• _Data excerpt_:
┄┄┄┄┄┄┄┄┄┄┄┄┄┄┄┄┄┄┄┄

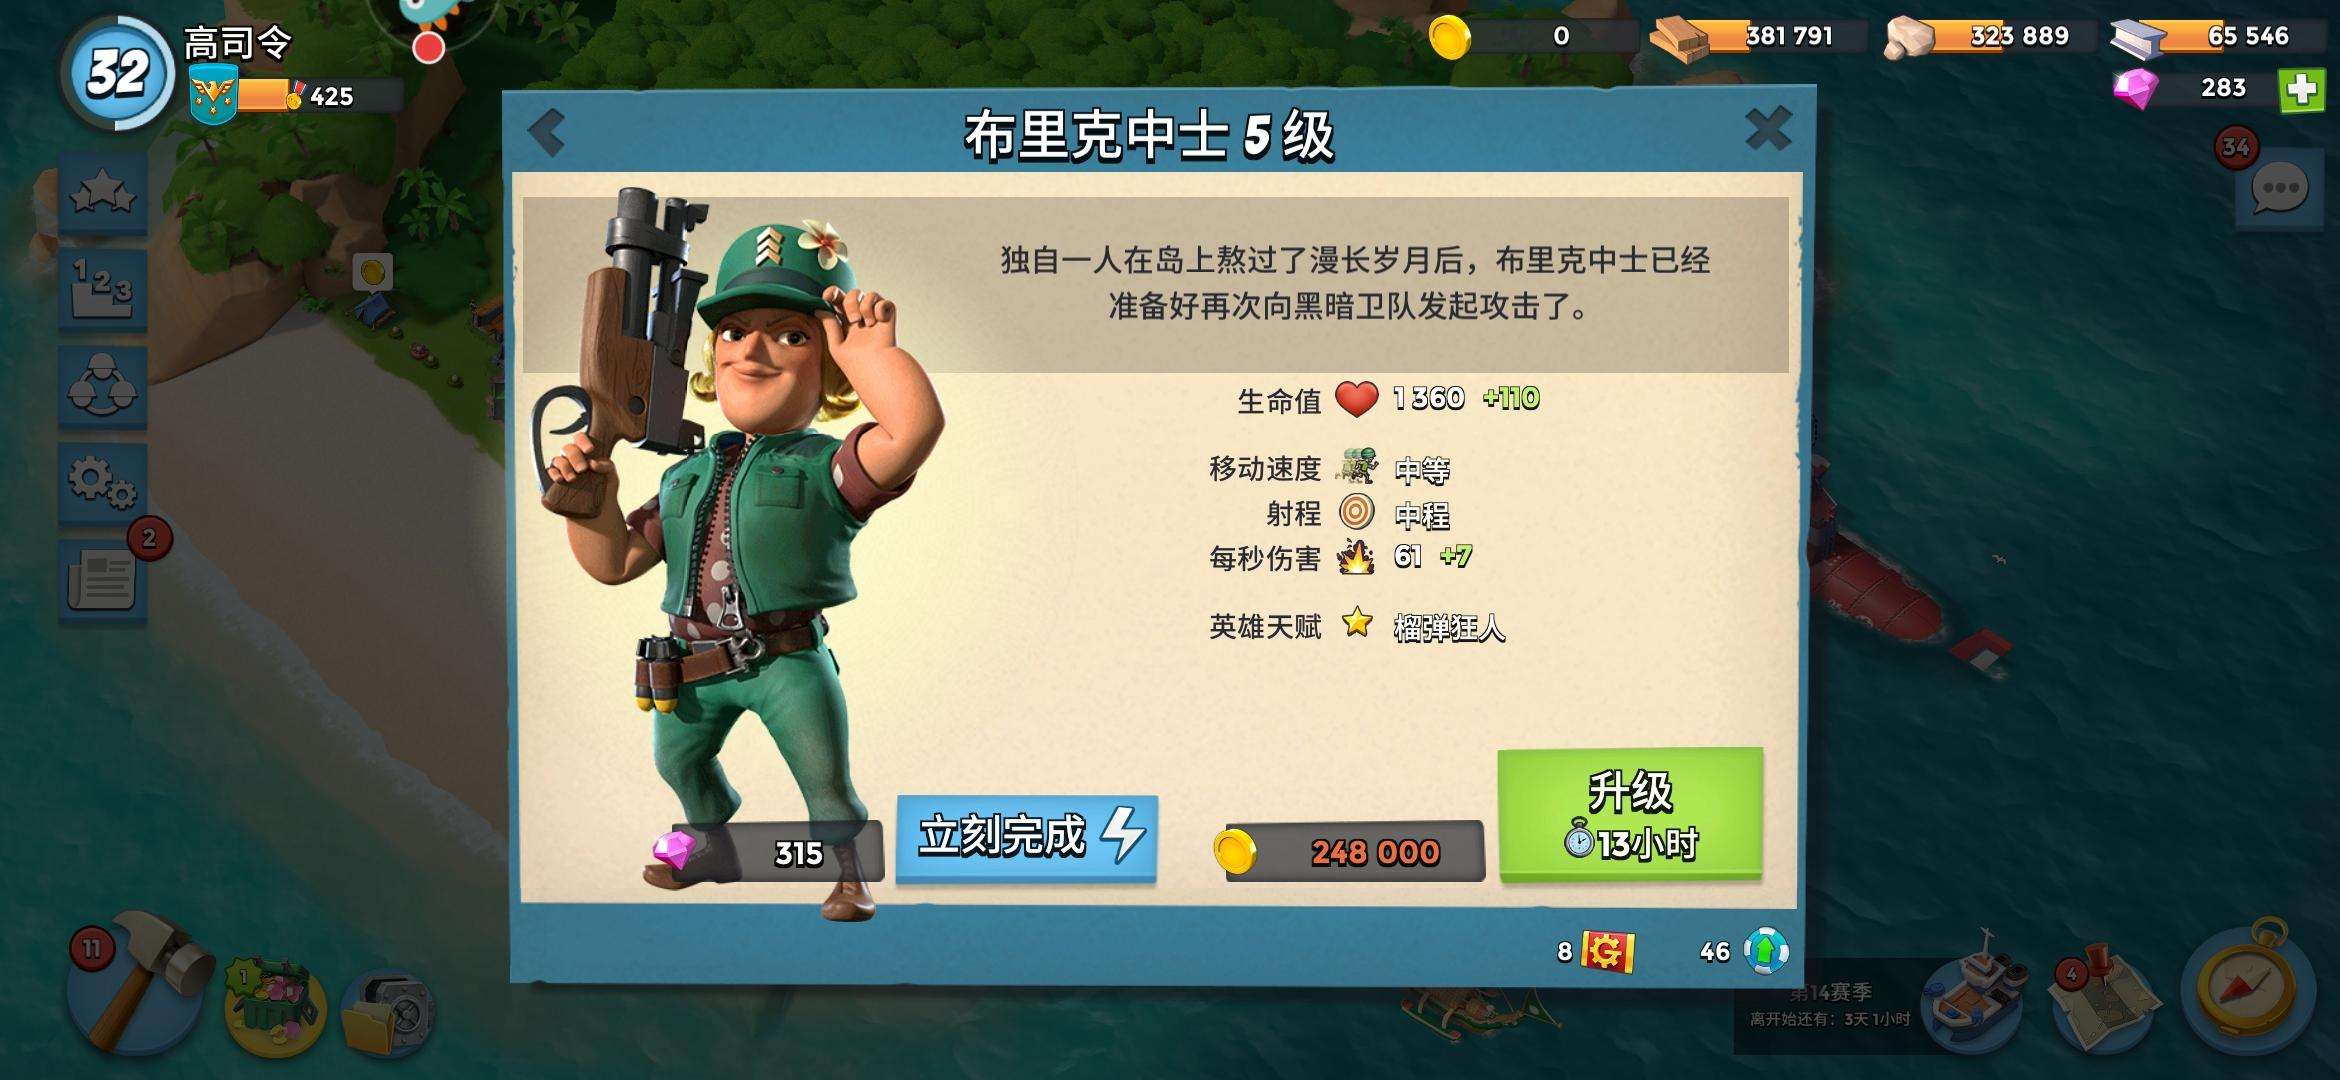 海岛奇兵：加速血清，最受欢迎的战舰附加技能 - 海岛奇兵资讯-小米游戏中心
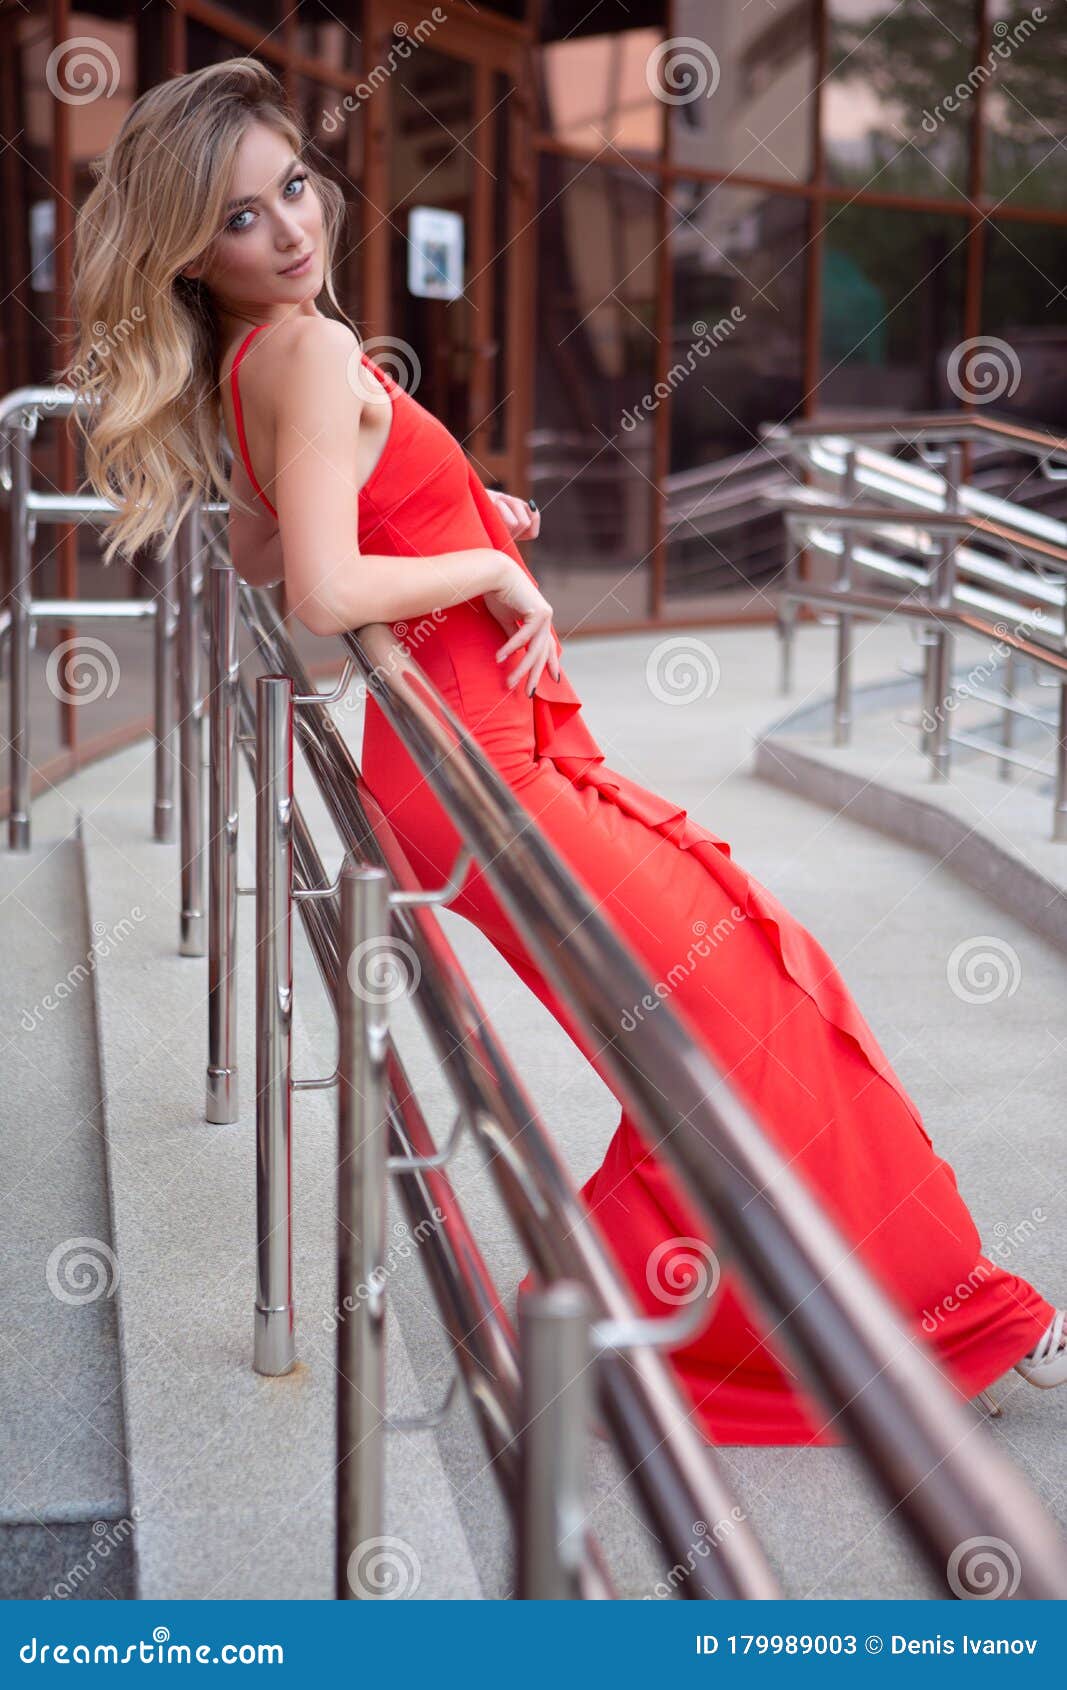 Una Donna Elegante E Sexy Con Un Vestito Rosso Stretto Si è Appoggiata Alla  Ringhiera Di Una Scala in Estate Immagine Stock - Immagine di bello,  femminilità: 179989003
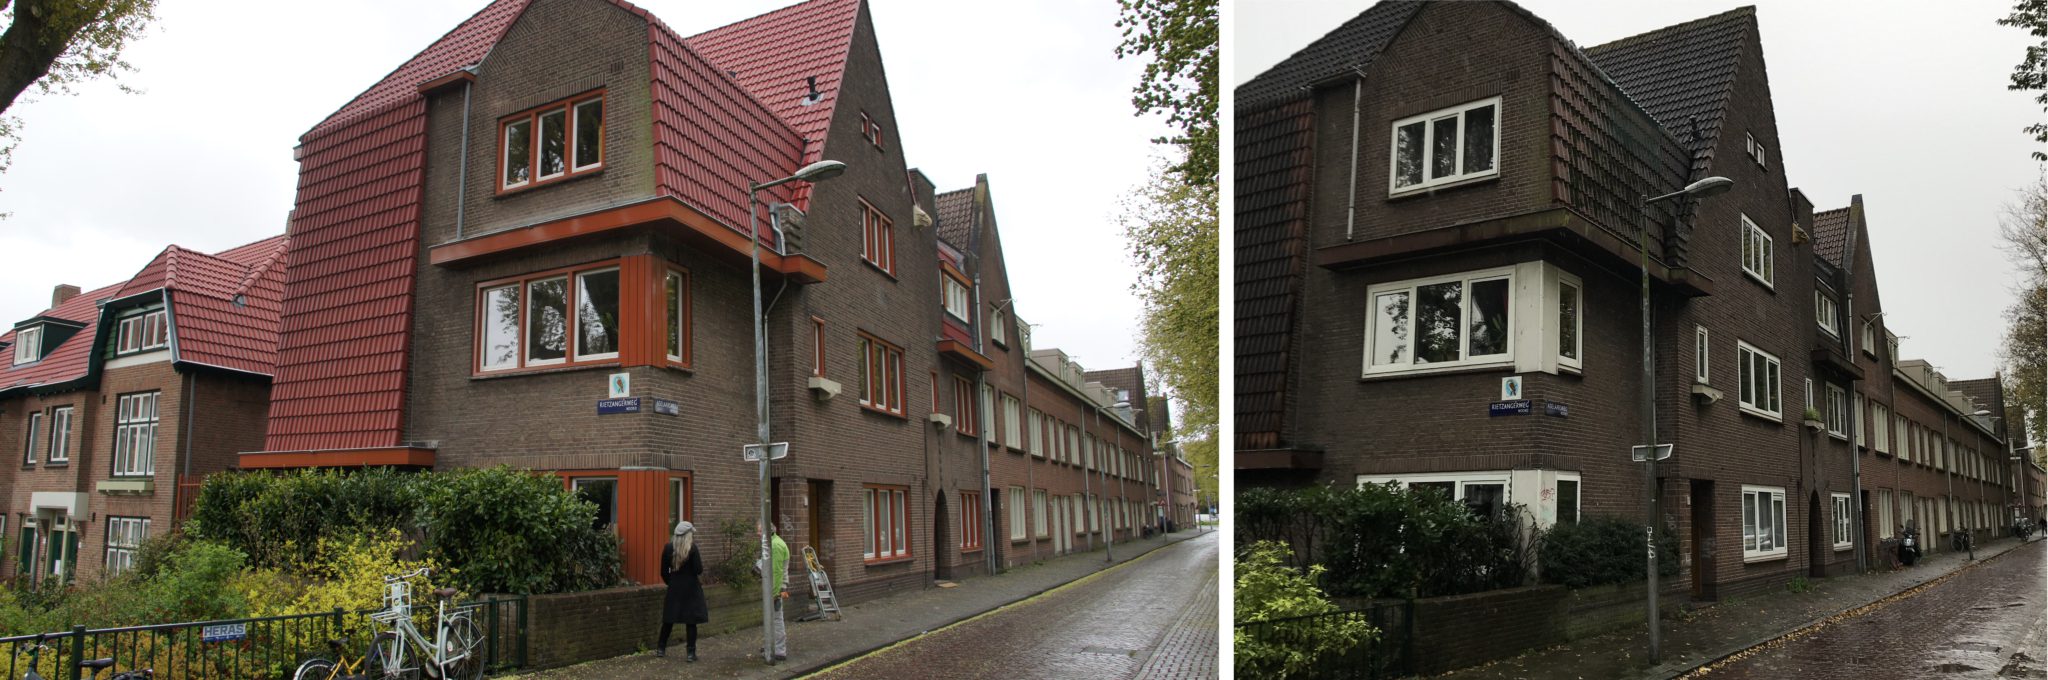 Vogelbuurt, Amsterdam - Adelaarsweg (nieuw versus oud)

┄┄┄┄┄┄┄┄┄┄┄┄┄┄┄┄┄┄┄┄

• _Task directions_: Set down all of the material word for word, but keep each picture out.

• _Answer to this task_:
 海岛奇兵：加速血清，最受欢迎的战舰附加技能 - 海岛奇兵资讯-小米游戏中心
 Una Donna Elegante E Sexy Con Un Vestito Rosso Stretto Si è Appoggiata Alla  Ringhiera Di Una Scala in Estate Immagine Stock - Immagine di bello,  femminilità: 179989003
 Vogelbuurt, Amsterdam - Adelaarsweg (nieuw versus oud)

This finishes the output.